I recently saw clip from Alton Brown who mentioned browning bird for 30 minutes at 500 degrees and then putting foil on top of bird and baking at 350 degrees.  You do it the opposite.  Why do you put the lemon in the cavity? Does it add flavor?  also do you salt and pepper before cooking?  I wonder how garlic would taste on the turkey?  Too much for such big bird?  Also I have turned the bird breast side down and gotten good results.  Breast stays moist.  May do that tomorrow?  does this sound like I am getting ready to go up in the shuttle?  Have to have everything ready w/o our stores being open.


----------



## Chief Longwind Of The North (Nov 22, 2006)

In the Kitchen said:
			
		

> I remove the rashers about 20 mins before the end of the cooking time, in order to allow the breast to brown evenly.
> 
> I recently saw clip from Alton Brown who mentioned browning bird for 30 minutes at 500 degrees and then putting foil on top of bird and baking at 350 degrees. You do it the opposite. Why do you put the lemon in the cavity? Does it add flavor? also do you salt and pepper before cooking? I wonder how garlic would taste on the turkey? Too much for such big bird? Also I have turned the bird breast side down and gotten good results. Breast stays moist. May do that tomorrow? does this sound like I am getting ready to go up in the shuttle? Have to have everything ready w/o our stores being open.


 
I've cooked the bird breast-side down, and breast-side up.  It makes no difference.  What does give a perfectly juicy and tender bird every time is removing it from the oven when the thermometer reads 155 ' F.  

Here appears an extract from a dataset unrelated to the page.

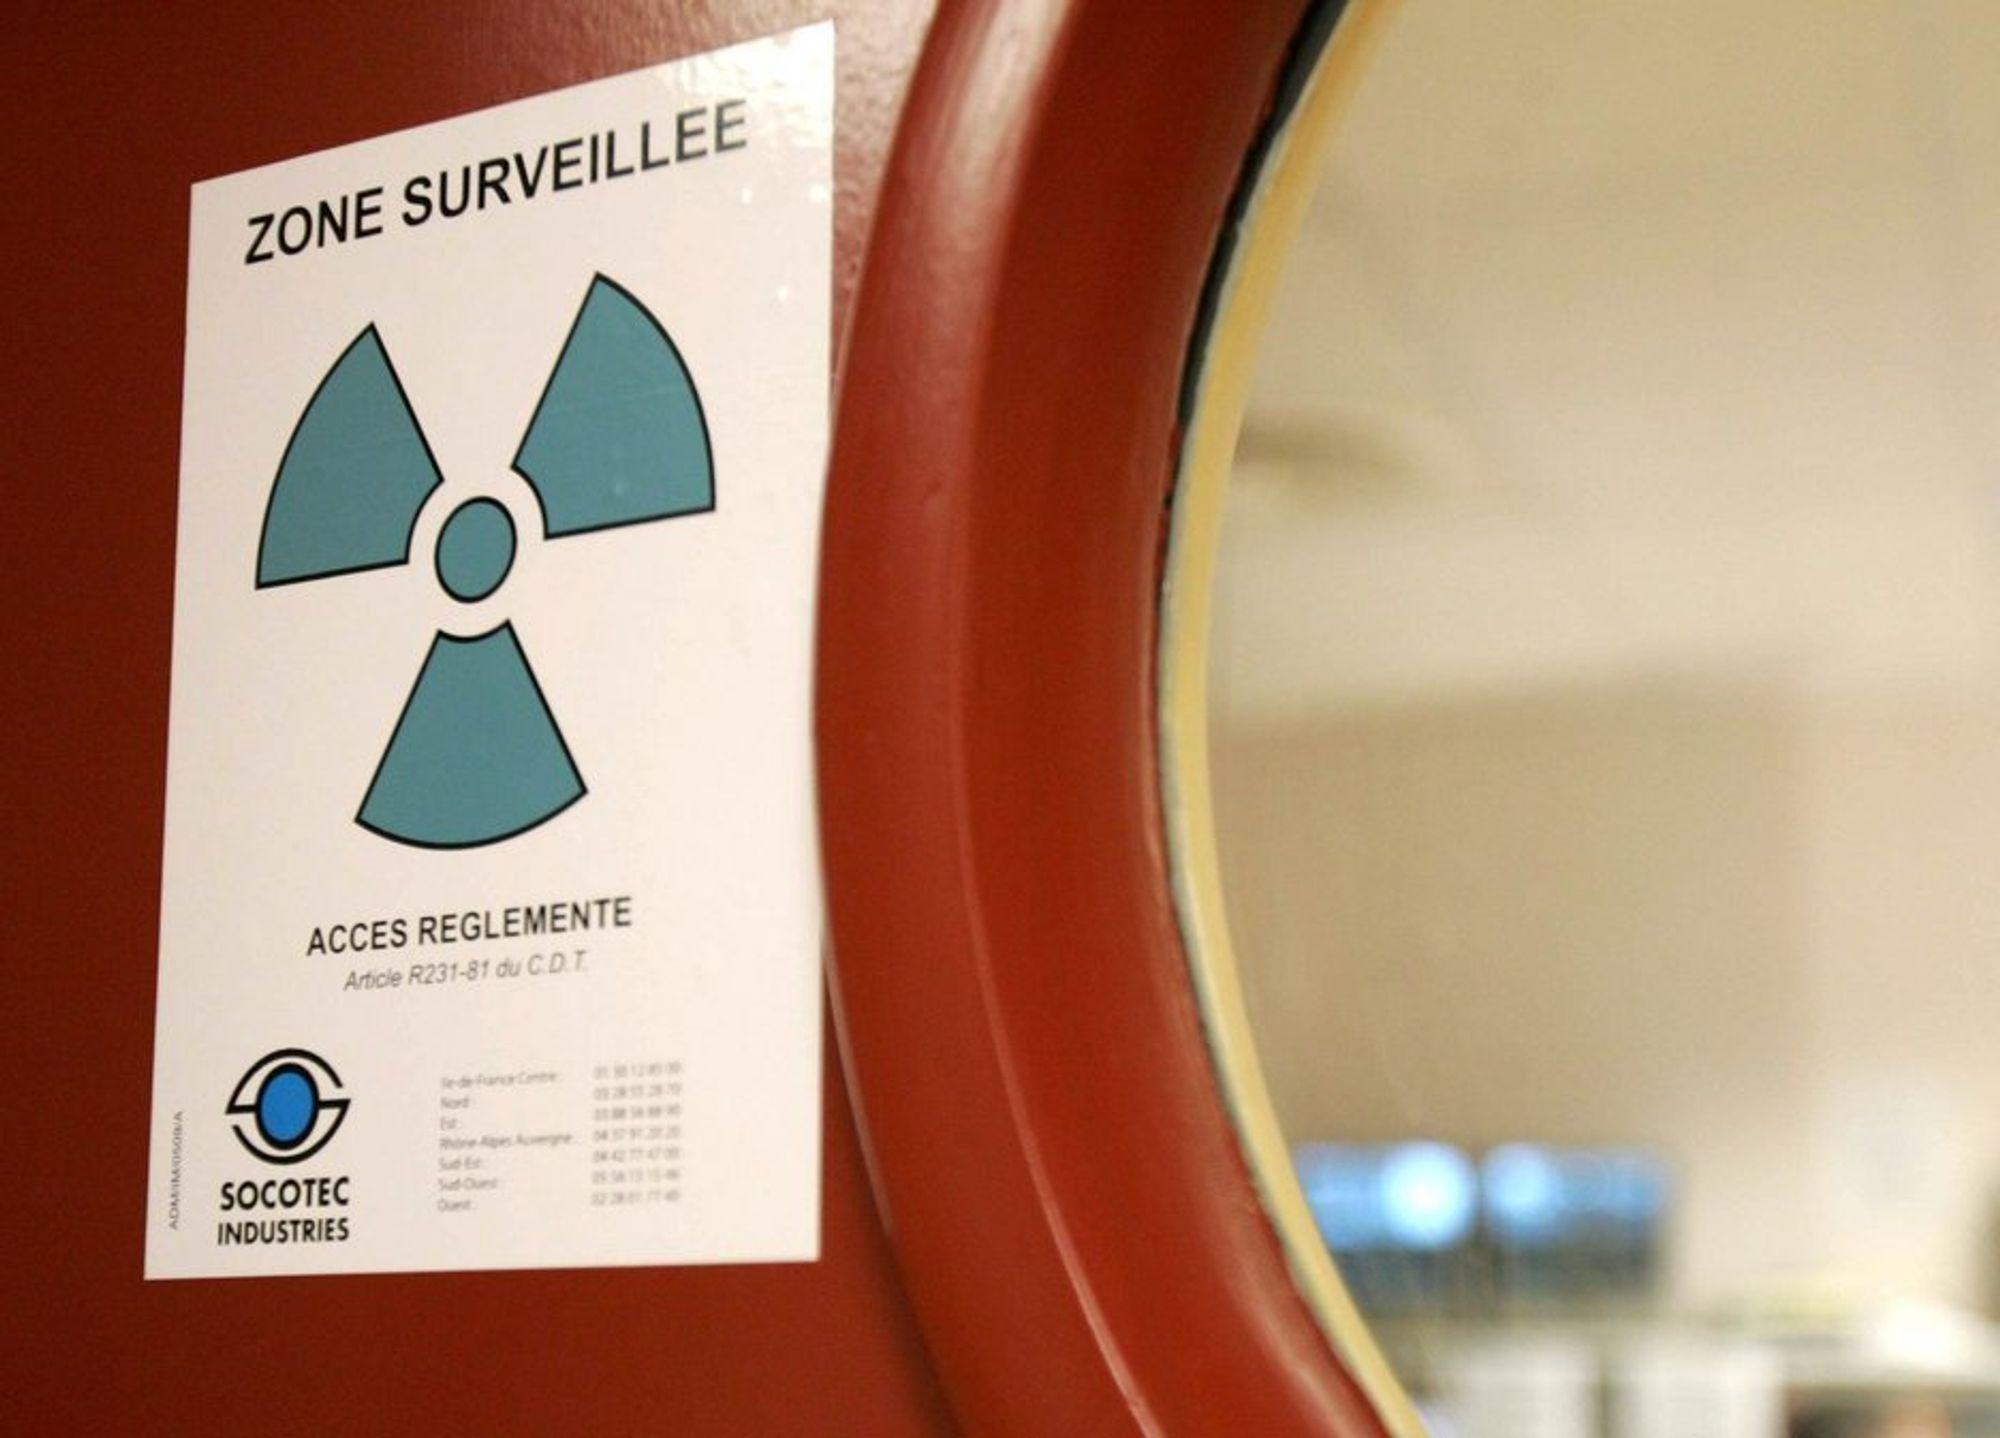 Den radioaktive isotopen jod-131 er funnet i små mengder i Europa.

If you look at a turkey cooking on a covered grill (remove the cover of course), you will see that the juices, as they get hot tend to boil just under the top skin.  I believe that the hot liquid rises as there is no boiling liquid on teh sides or bottom of the turkey.  When the bird is taken out at the correct temperature, and allowed to rest for twenty minutes, those same juices that were boiling just under the top-skin redistribute themselves throughout the meat.  I have been watching the temperature closely for years and always have a perfectly juicy turkey.  When I roast chicken, I do the same thing, and the bird is so juicy that when you bite it, it will squirt you.  

Because of much experimentation, and the results I get, I am convinced that final temperature is the single most important parameter in cooking a turkey.  I have brined, and not brined.  I have barbecued them, roasted them, and had them deep fried.  In all cases, when the bird was removed from the heat source at the proper temperature, the meat was perfect.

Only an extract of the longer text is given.